Ler transcrição do episódio
Olá, estamos aqui para mais um episódio do nosso estudo do livro Gênesis no Velho Testamento à Luz da Doutrina Espírita. No episódio anterior, nós adentramos o famoso capítulo 15 do livro de Gênesis e entramos em uma divisão ou um ciclo que compõe a estrutura literária desse livro Gênesis, que é o ciclo que trata de Abraão, a sua história, o seu chamado e todos os fatos que cercam essa personagem da mais alta importância na Bíblia e das religiões. É bom lembrar que Abraão é o patriarca da religião judaica, do cristianismo e do islamismo.
Os muçulmanos também. Portanto, há um movimento em Israel que tenta criar um diálogo interreligioso entre cristãos, judeus e muçulmanos, estabelecendo uma fraternidade, um respeito entre as três grandes religiões, que se chama, esse movimento, Filhos de Abraão. Abraão representa, então, o fundador, a base das religiões monoteístas, das três grandes religiões monoteístas da Terra, a judaica, a cristã e a muçulmana. Portanto, é uma figura muito, muito, muito importante. No episódio anterior, nós comentamos, levando em conta a abordagem que nós tentamos fazer neste estudo, que é uma abordagem que conjuga os elementos espirituais com também uma aproximação literária do texto.

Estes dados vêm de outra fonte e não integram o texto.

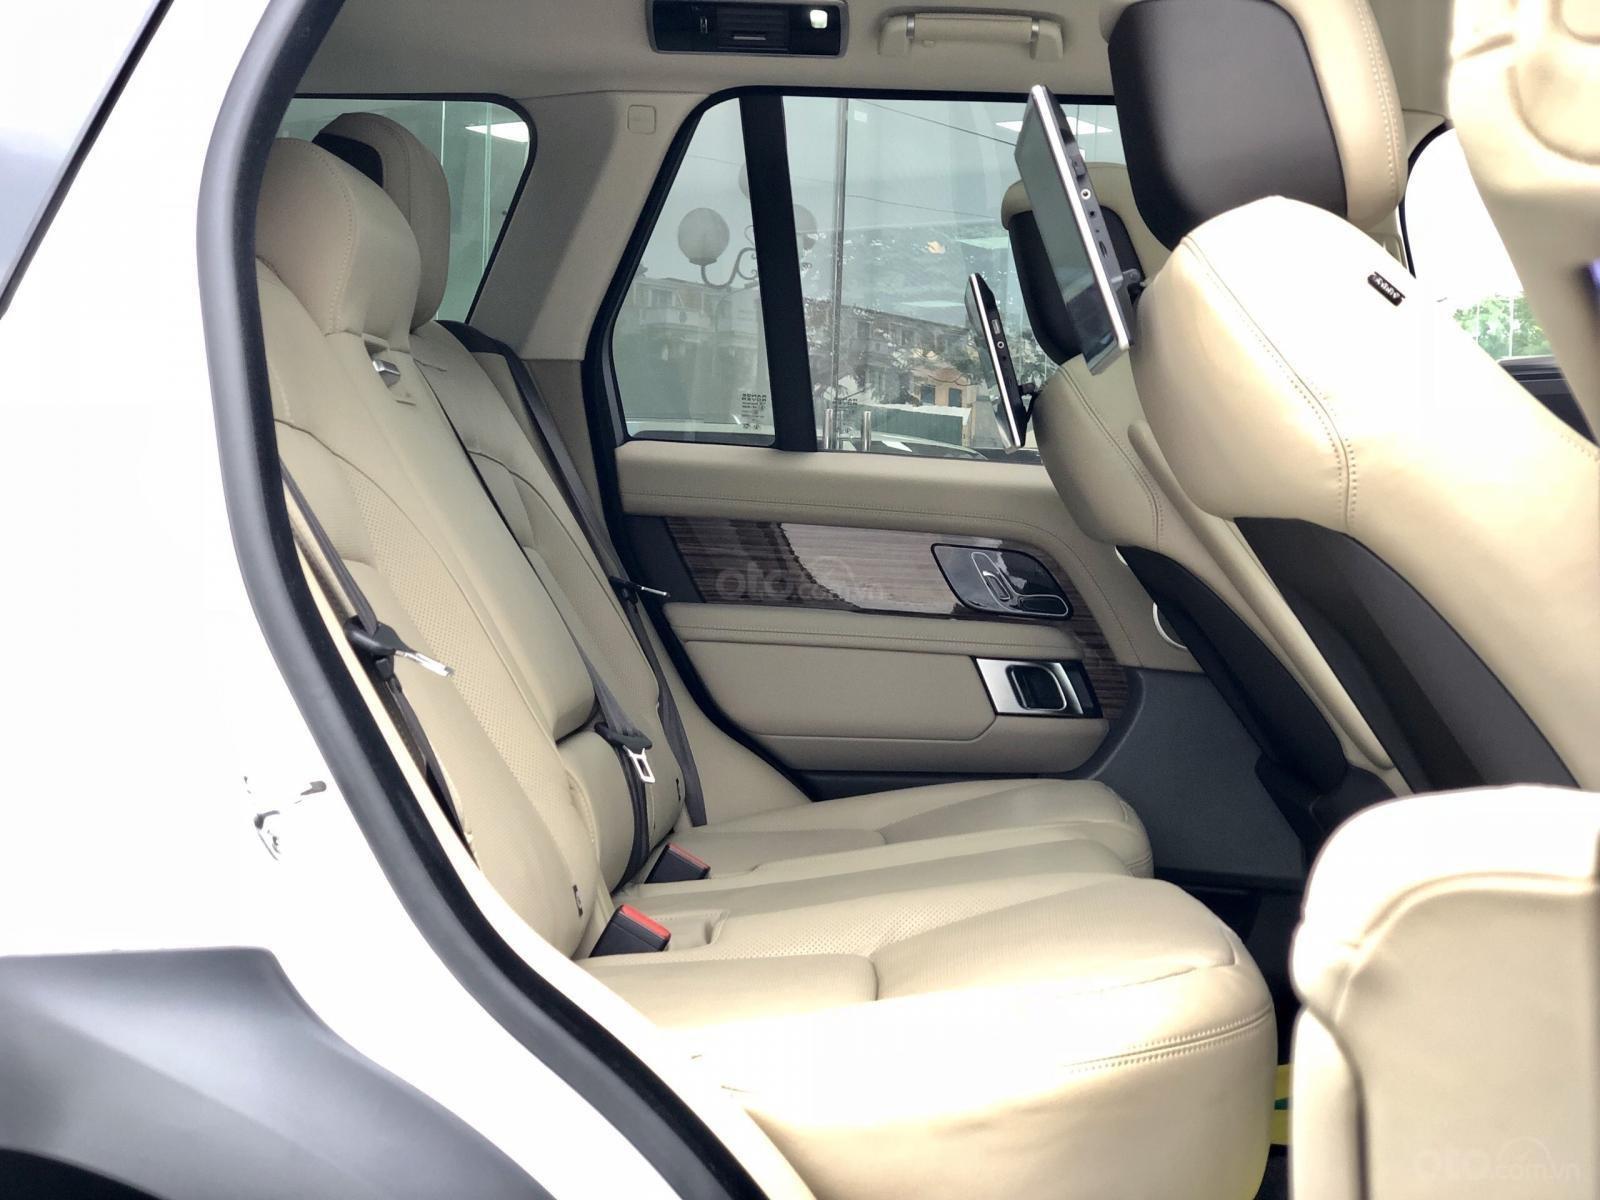 Bán LandRover Range Rover HSE 3.0 năm 2018, màu trắng, nhập khẩu, hỗ trợ ngân hàng 6 tỷ, call: 0914.868.198 (23)

Nós também examinamos os aspectos da literatura, da formação do texto, da articulação das partes, do conjunto do livro, para que a gente possa, entendendo a sua estrutura literária, possa compreender como que o sentido foi desdobrado dentro desta forma, dentro desta estrutura literária. E nós comentamos aqui que com Abraão inicia-se um grande conjunto de temas. O primeiro tema é o tema do chamado, da convocação, do chamado. E Abraão, então, é chamado do politeísmo para o monoteísmo. É chamado para constituir as bases da primeira revelação.

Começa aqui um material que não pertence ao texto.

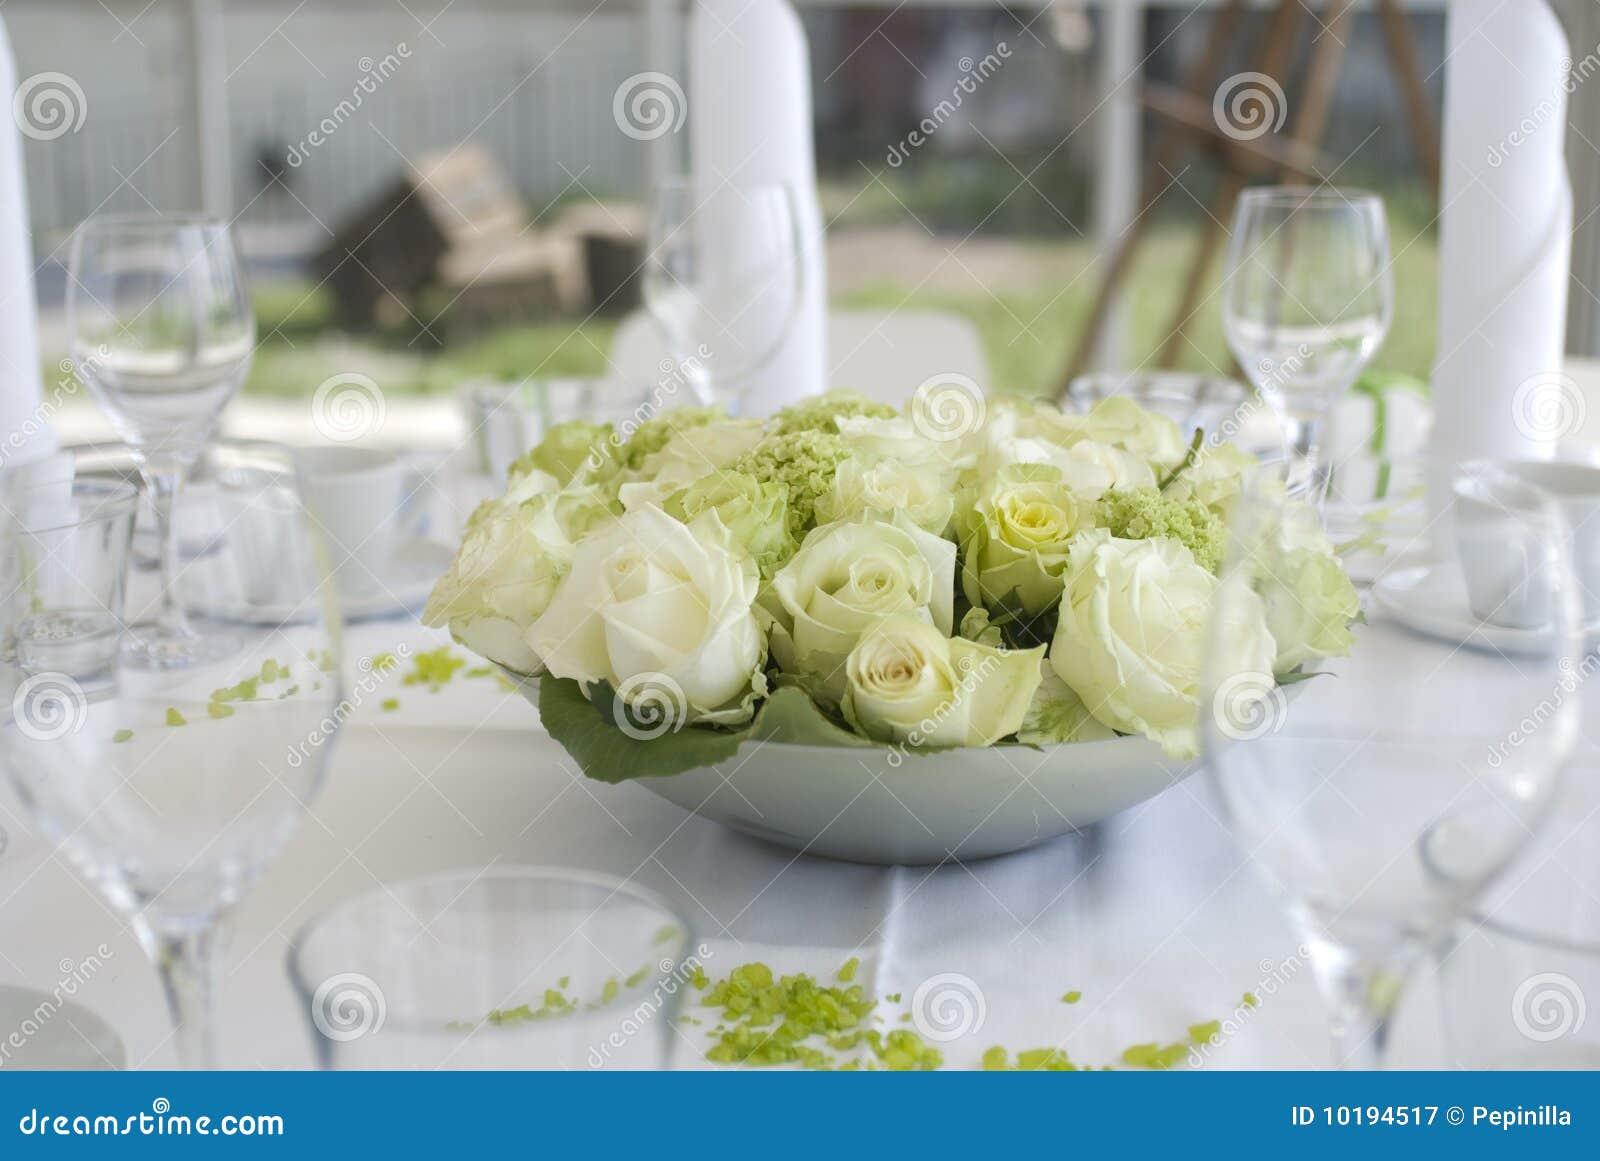 Hochzeitsdekoration lizenzfreie stockfotografie bild Hochzeitsdekoration

É importante nós, aqui, agora, aprofundarmos a nossa reflexão, porque quando nós dizemos que a primeira revelação se resume em Moisés, isso é uma metáfora. É uma metáfora. Não significa que a primeira revelação se circunscreva totalmente à figura de Moisés. Moisés é a culminância. Moisés é a estruturação da revelação. Então, ele é o codificador da primeira revelação. Ele que estrutura, coloca todo o processo numa forma pedagógica para que a gente possa entender. Por isso, então, a primeira revelação ganha o nome de revelação mosaica, porque ele codificou, mas o grande trabalho que durou séculos e séculos e séculos e que demandou a encarnação de inúmeros missionários, começa aqui com Abraão.
A primeira revelação começa com Abraão. É ele que vai fundar o monoteísmo prático, o monoteísmo para as massas, o monoteísmo para um grupo, um monoteísmo aberto, não um monoteísmo fechado, do esoterismo, dos templos iniciáticos, porque esse monoteísmo já existia na Índia, na China antiga, no próprio Egito, na Mesopotâmia, na Grécia. Nós estamos falando aqui do monoteísmo aberto, dito de forma direta. É o Abraão que inaugura esse monoteísmo. Nós temos aqui o tema da aliança, então, da escolha, do chamado da escolha e o tema da aliança.

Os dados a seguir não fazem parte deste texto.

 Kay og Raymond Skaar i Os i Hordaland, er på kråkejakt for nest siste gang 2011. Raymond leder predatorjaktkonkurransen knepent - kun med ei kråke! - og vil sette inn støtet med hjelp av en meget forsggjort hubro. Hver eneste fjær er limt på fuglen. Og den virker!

Aliança no sentido, agora nós podemos entender, quando o texto bíblico fala de uma aliança com Abraão, ele está visando o que? A primeira, a segunda e a terceira revelação. E mais, né? E mais a terra regenerada. Então, ele está traçando um plano espiritual ou um plano de educação do homem espiritual, do ser humano espiritual, não somente do encarnado. Porque nós temos revelações na área da ciência, da filosofia, revelações na agricultura, no artesanato, nas artes, que vão contribuindo para a evolução do encarnado. E temos revelações que dizem respeito ao aspecto religioso, espiritual, porque visam o homem interior, a evolução espiritual interna.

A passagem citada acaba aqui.